Susanna Driano

Personal information
- Born: May 28, 1957 (age 69) Seattle, Washington
- Height: 1.65 m (5 ft 5 in)

Figure skating career
- Country: Italy
- Skating club: Associazione Sportivi Ghiaccio Ambrosiana
- Retired: 1985

Medal record
Figure skating: Ladies' singles
Representing Italy
World Championships
| Bronze medal – third place | 1978 Ottawa | Ladies' singles |
European Championships
| Bronze medal – third place | 1980 Gothenburg | Ladies' singles |
| Bronze medal – third place | 1977 Helsinki | Ladies' singles |

= Susanna Driano =

American-Italian figure skater

Susanna Driano (born May 28, 1957) is an American-Italian former competitive figure skater who competed for Italy. She is the 1978 World bronze medalist, a two-time European bronze medalist (1976, 1980), and a five-time Italian national champion.

== Personal life ==
Driano was born on May 28, 1957, in Seattle, Washington, to a Canadian-born mother and Italian father.

== Career ==
Driano competed internationally for Italy. In the 1974–75 season, she won the first of her six consecutive Italian national titles and was sent to her first ISU Championships; she finished sixth at the 1975 Europeans and ninth at the 1975 Worlds.

At the start of the following season, Driano was awarded the gold medal at the 1975 Skate Canada International. She placed fifth at the 1976 Europeans in Geneva, Switzerland; 7th at the 1976 Winter Olympics in Innsbruck, Austria; and tenth at the 1976 Worlds in Gothenburg, Sweden.

Driano won the bronze medal behind Anett Pötzsch and Dagmar Lurz at the 1977 European Championships in Helsinki, Finland. Her next major international medal came the following season. At the 1978 World Championships in Ottawa, Ontario, Canada, she ranked fourth in figures, sixth in the short program, and sixth in the free program. She won the bronze medal behind Pötzsch and Linda Fratianne.
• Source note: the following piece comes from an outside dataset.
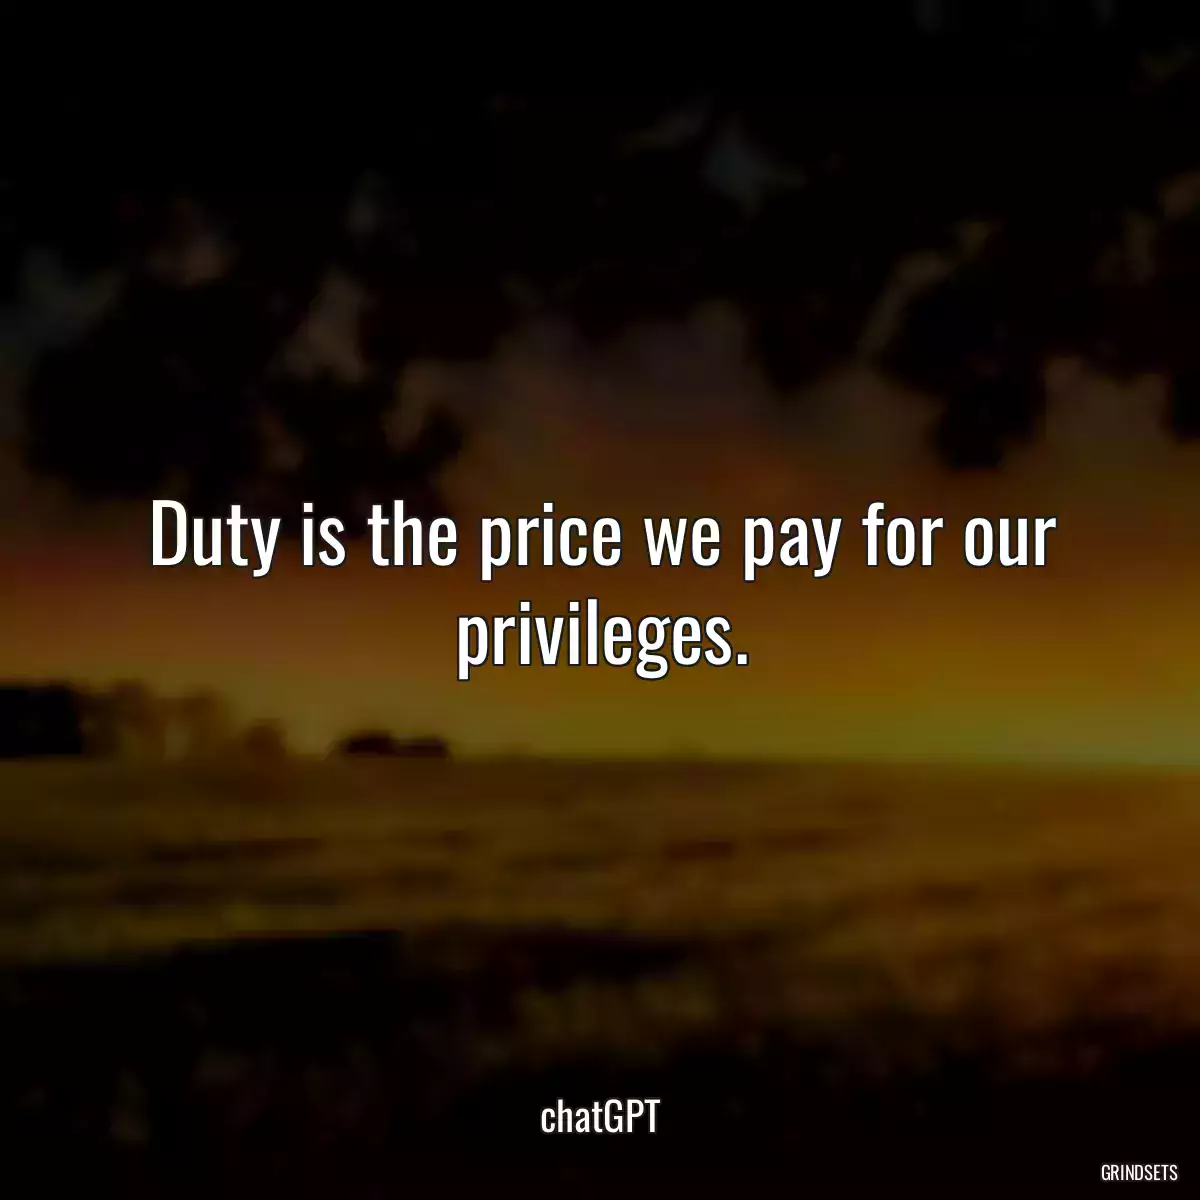 Duty is the price we pay for our privileges.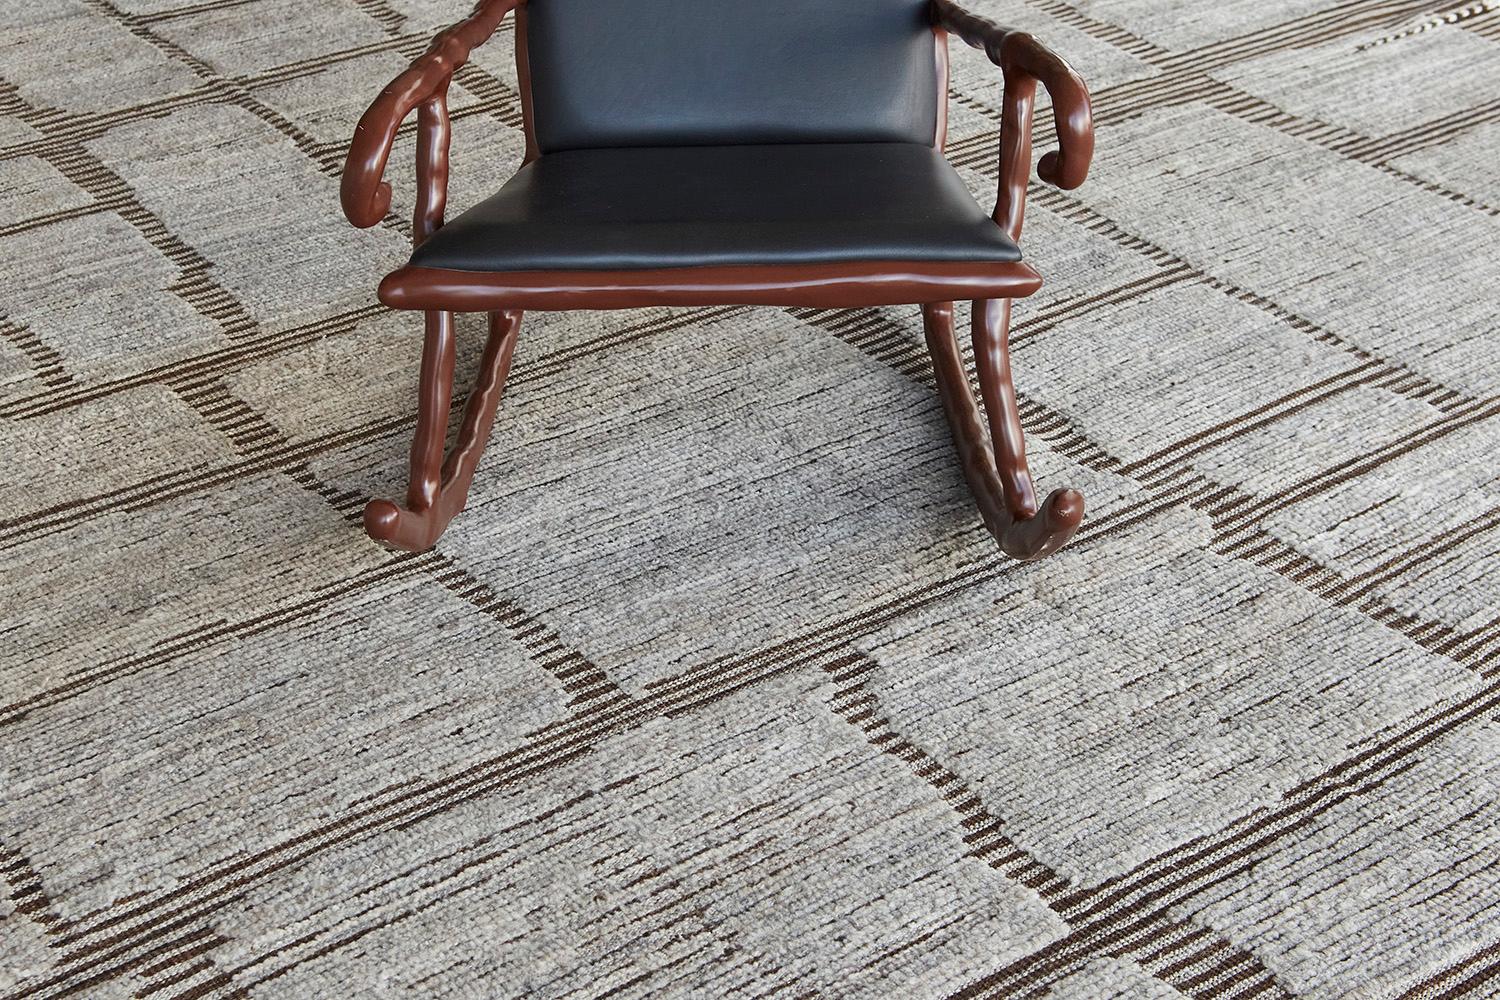 Maziere' is a handwoven wool piece with unique design elements that mirror roman masonry. This luxurious striped brown and khaki pile weave and natural brown shag make for the perfect contemporary. Maziere is designed in Los Angeles for the modern

Driano was awarded bronze at the 1980 European Championships in Gothenburg, behind Pötzsch and Lurz. She placed 6th in figures, 14th in the short, 10th in the free, and 8th overall at the 1980 Winter Olympics in Lake Placid, New York. She withdrew from the 1980 World Championships and stopped competing but never turned professional. Making a brief return to competition, she placed fourth at the 1985 Winter Universiade in Belluno, Italy.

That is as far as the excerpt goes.